PROMPT: Give back, exactly as written, the lines from the first line of the data below through the line with "Vector image of", and omit the pictures.

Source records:
************
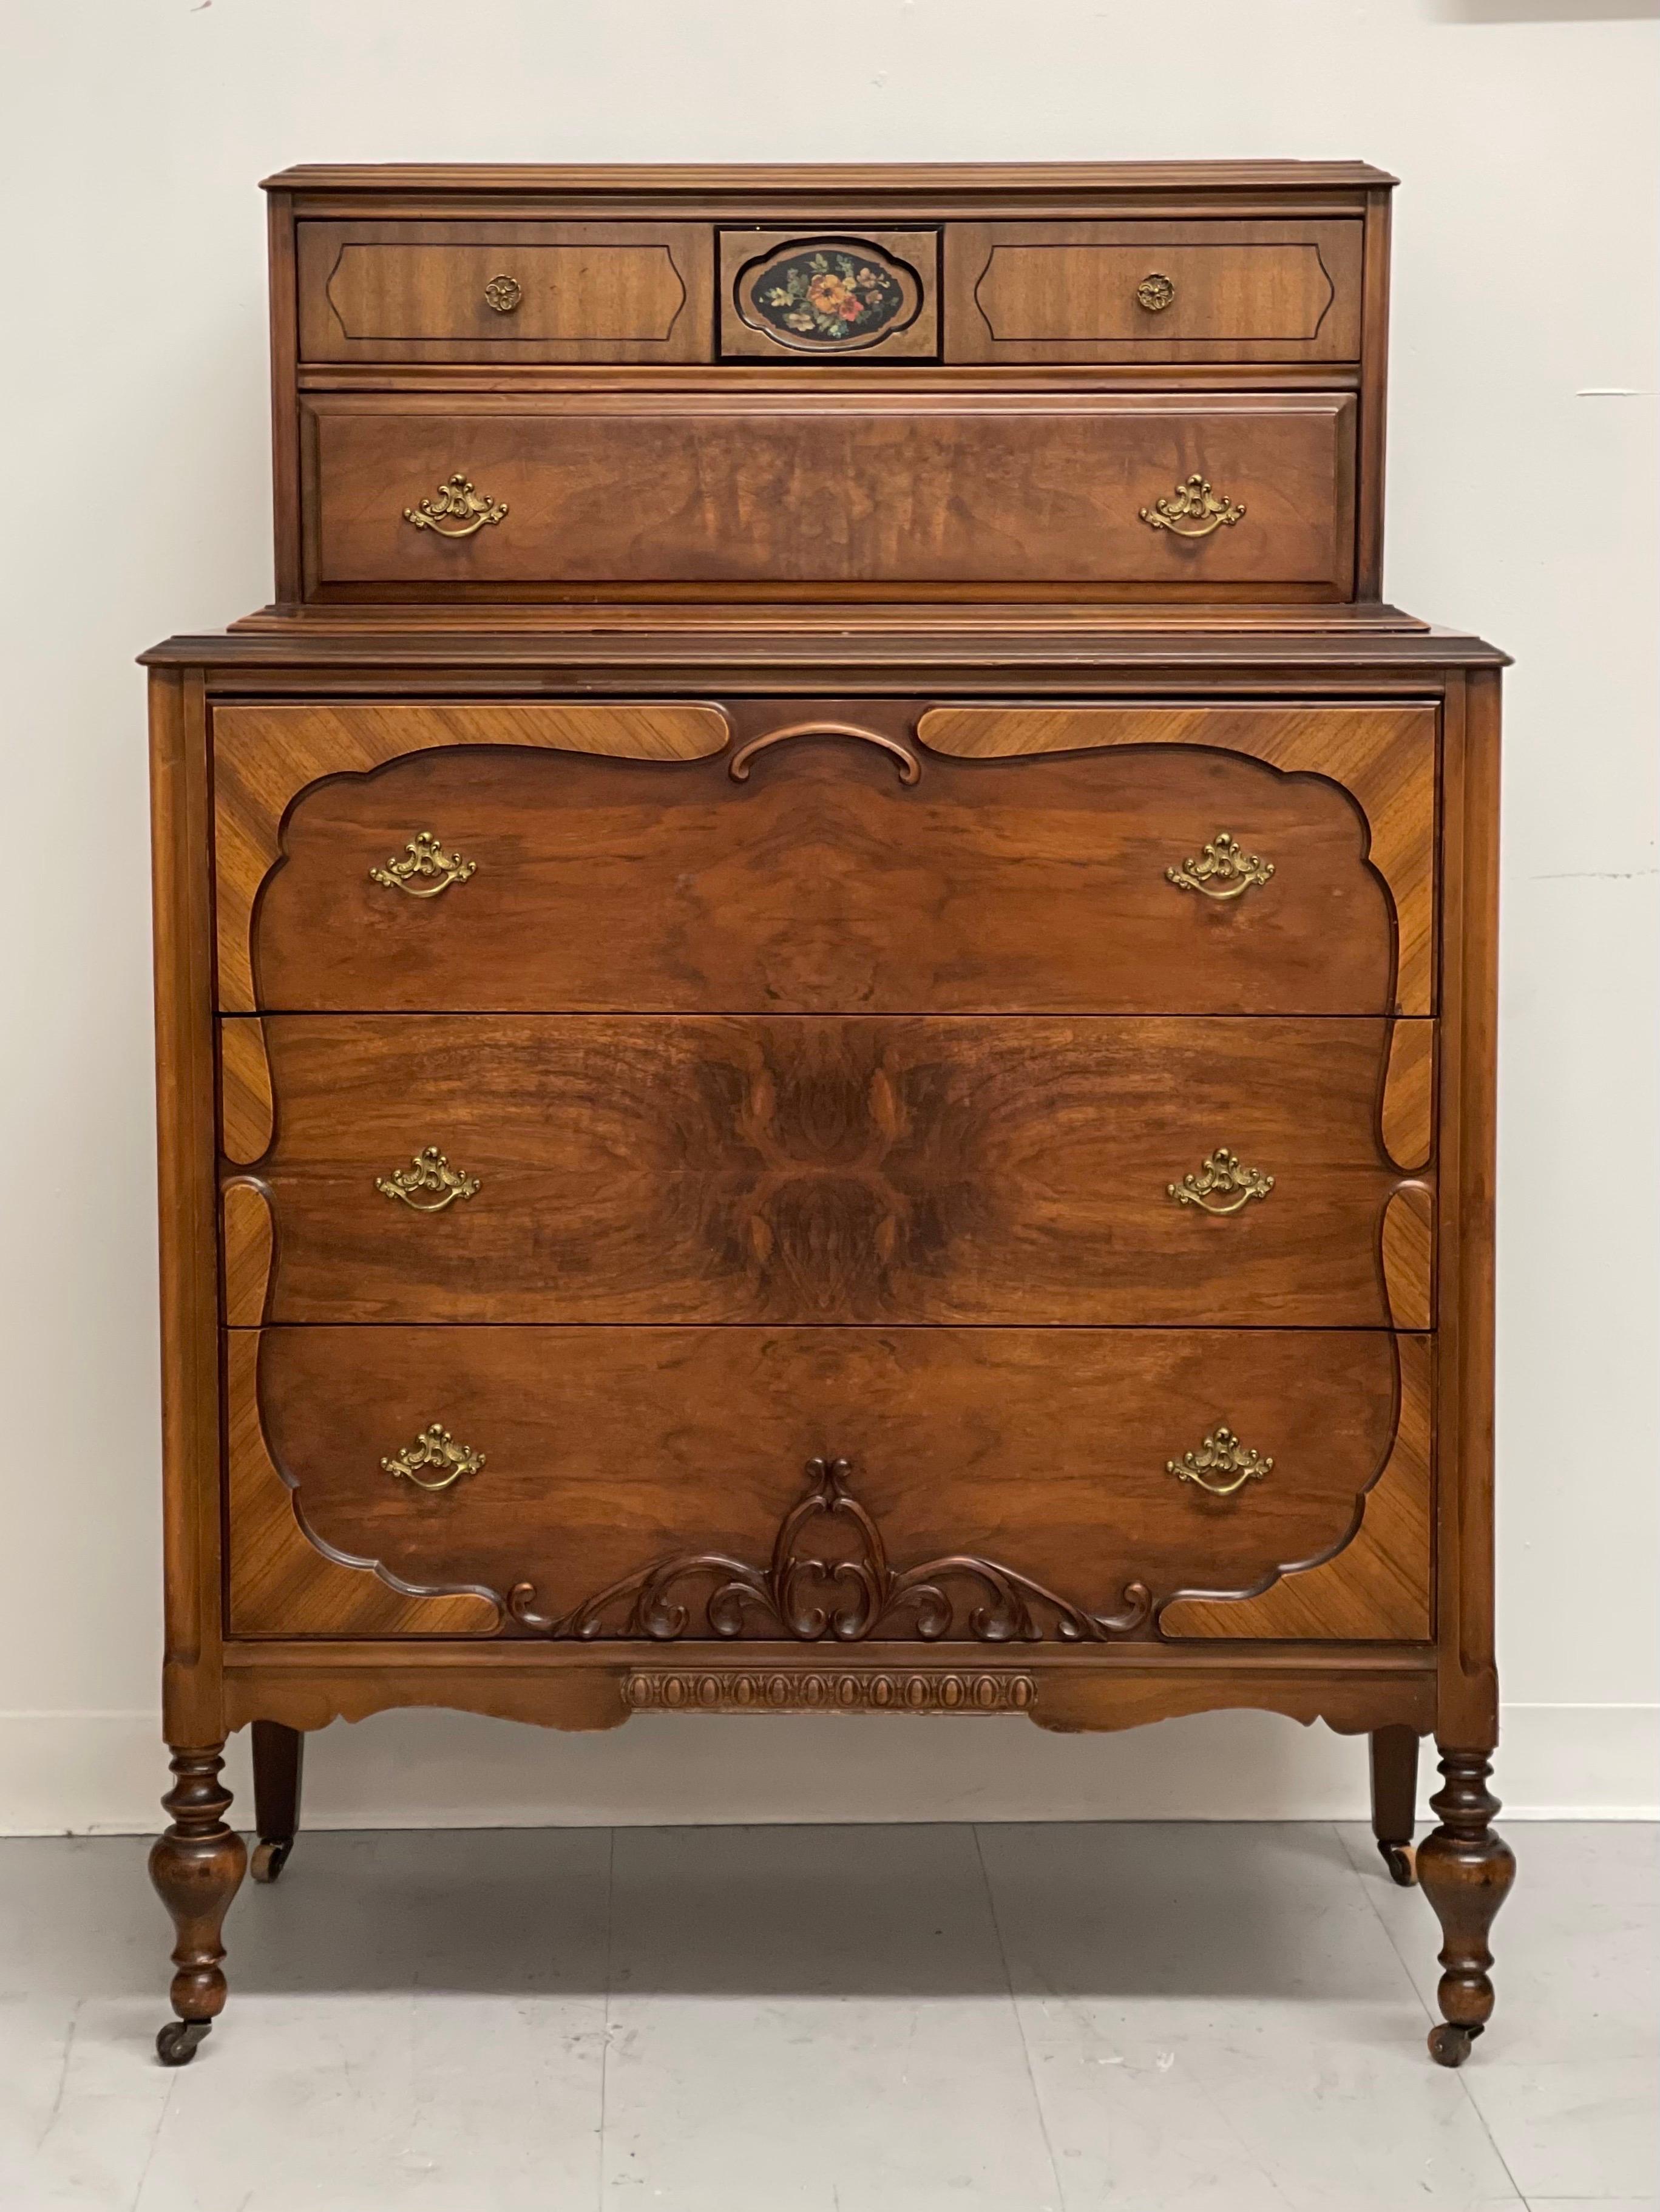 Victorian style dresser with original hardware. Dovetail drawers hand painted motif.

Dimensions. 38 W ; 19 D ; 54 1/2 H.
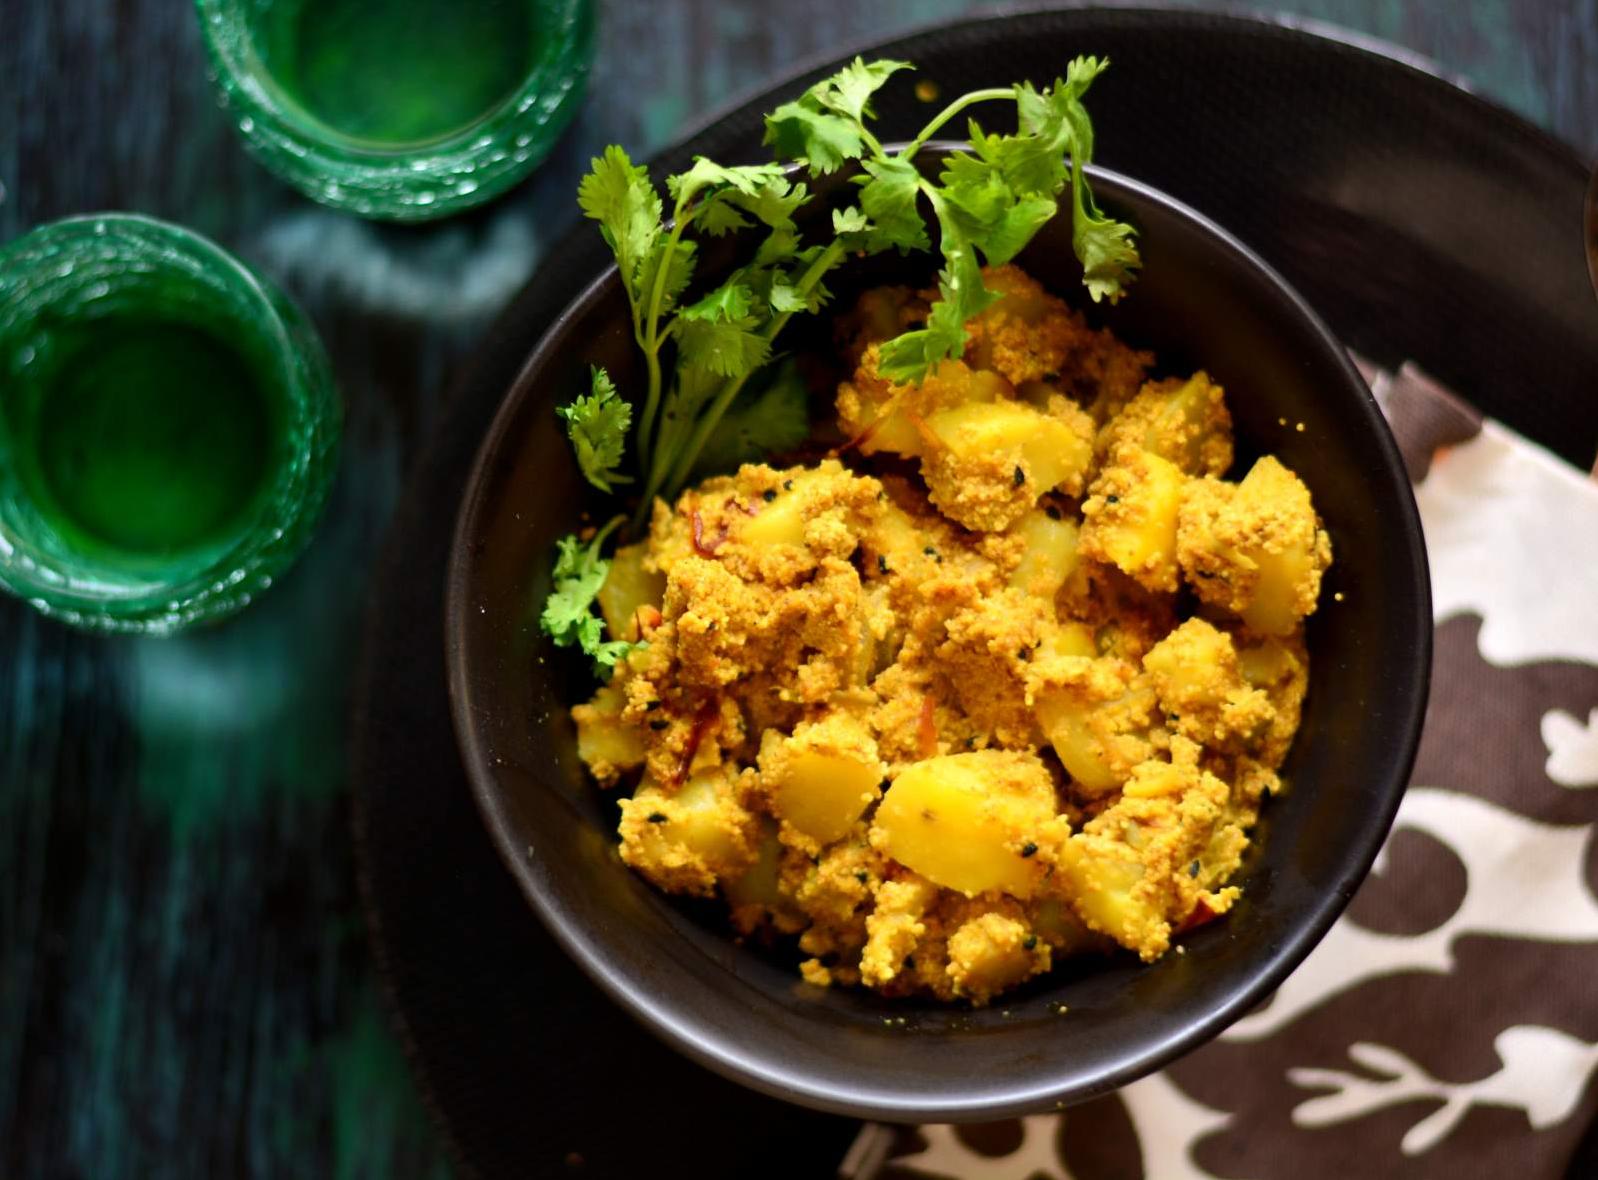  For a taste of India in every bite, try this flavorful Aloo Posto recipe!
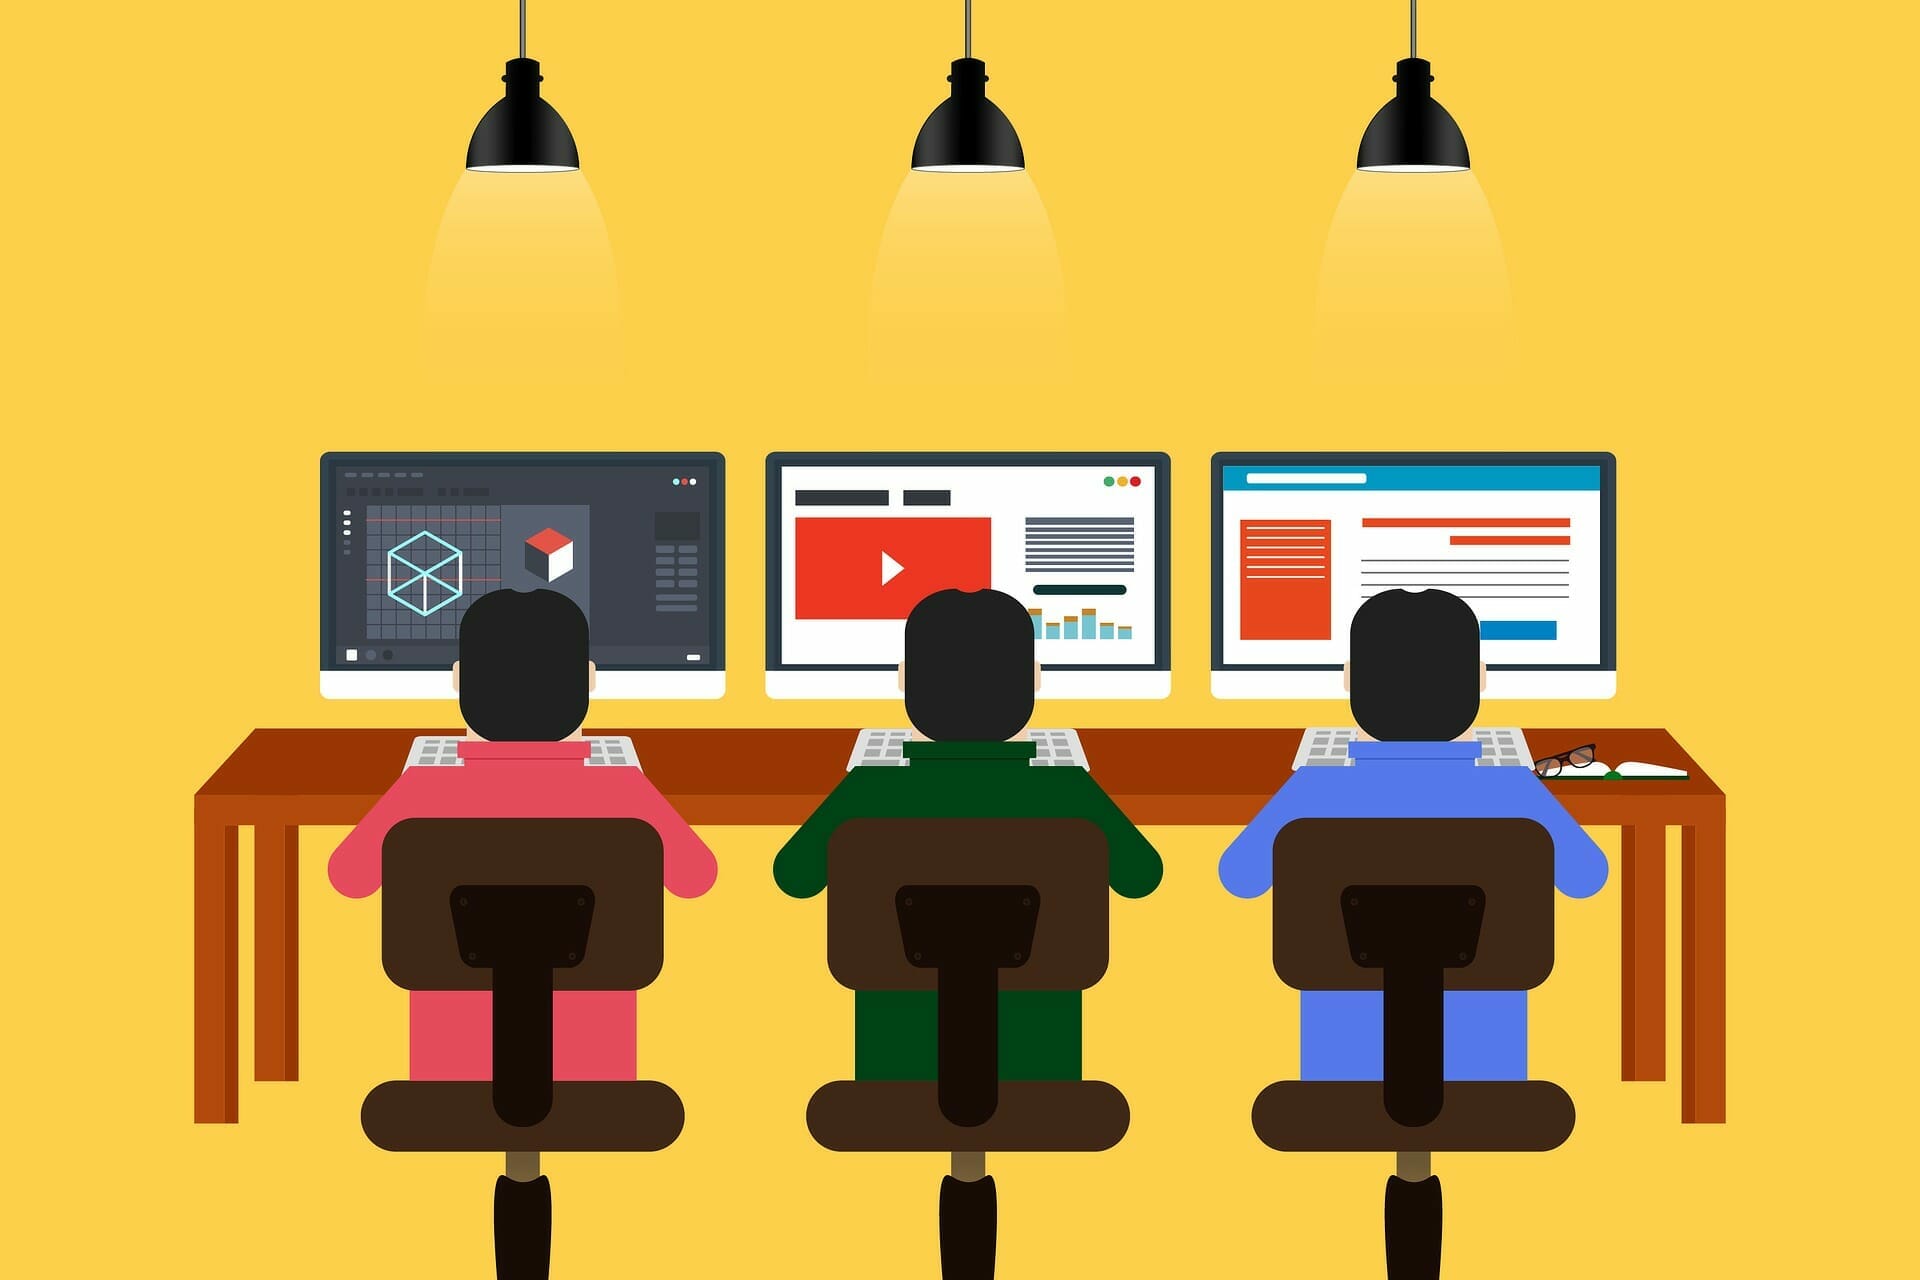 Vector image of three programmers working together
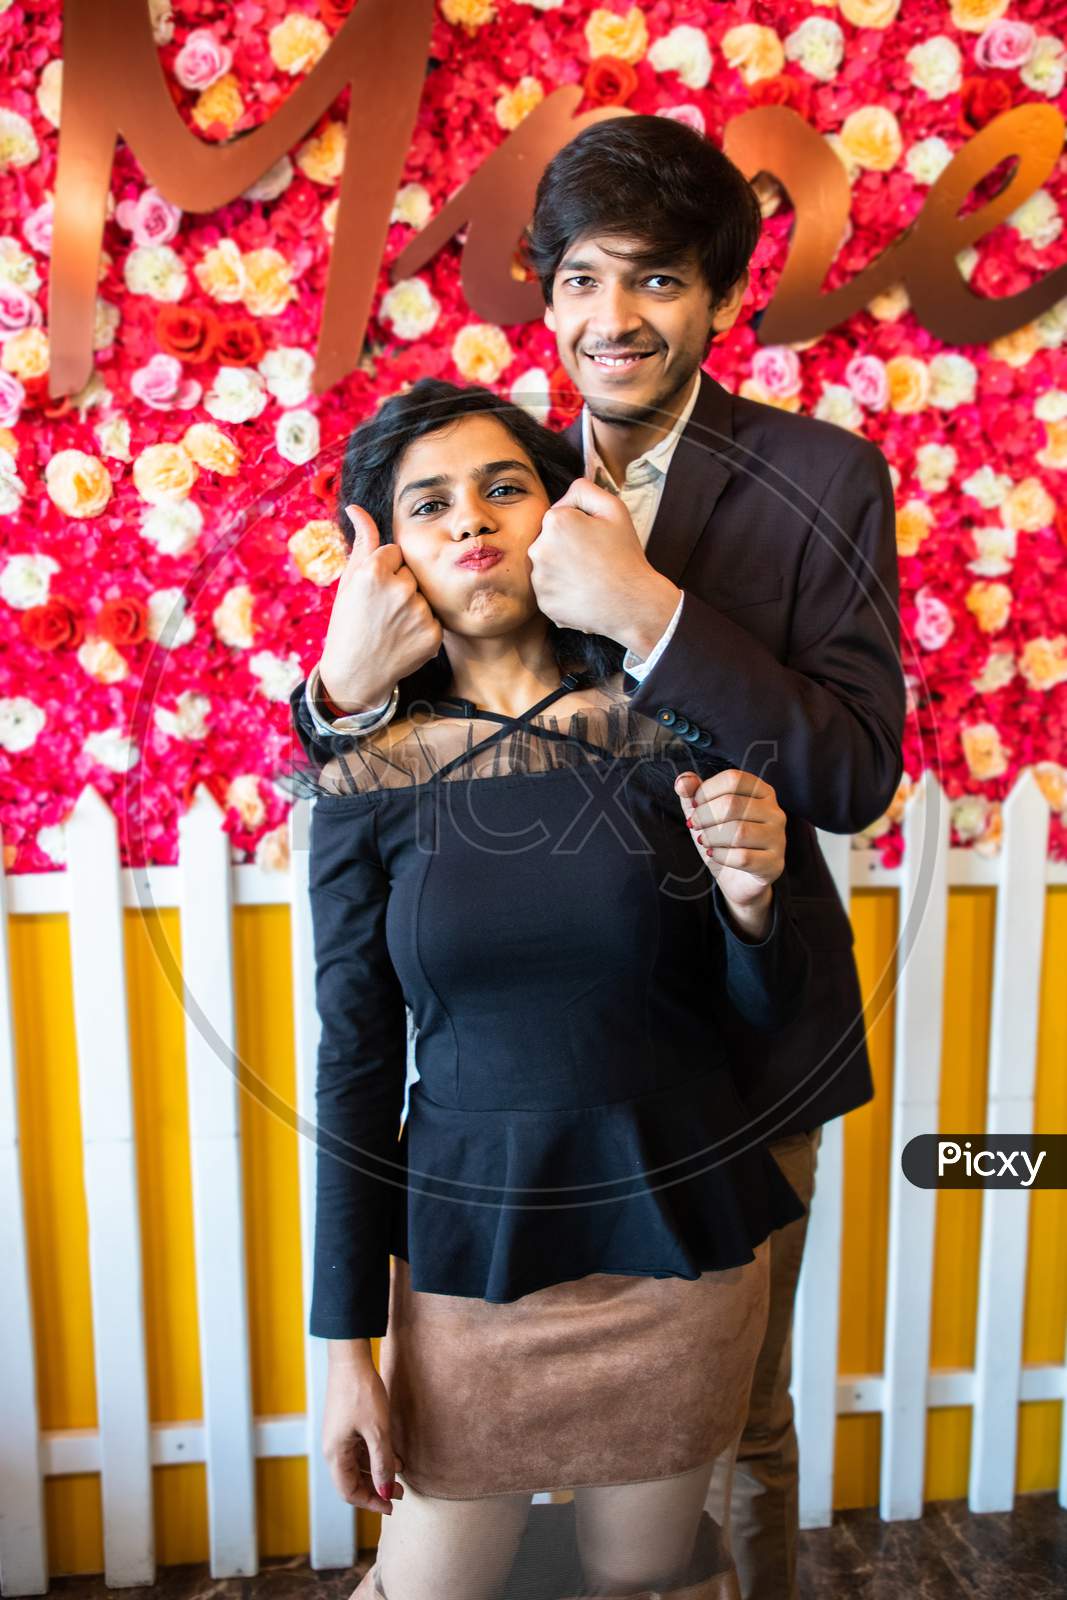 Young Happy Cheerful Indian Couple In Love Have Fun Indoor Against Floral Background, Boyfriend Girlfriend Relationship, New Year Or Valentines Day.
************
RESULT OF THIS EXERCISE:
 Victorian style dresser with original hardware. Dovetail drawers hand painted motif.

Dimensions. 38 W ; 19 D ; 54 1/2 H.
  For a taste of India in every bite, try this flavorful Aloo Posto recipe!
 Vector image of three programmers working together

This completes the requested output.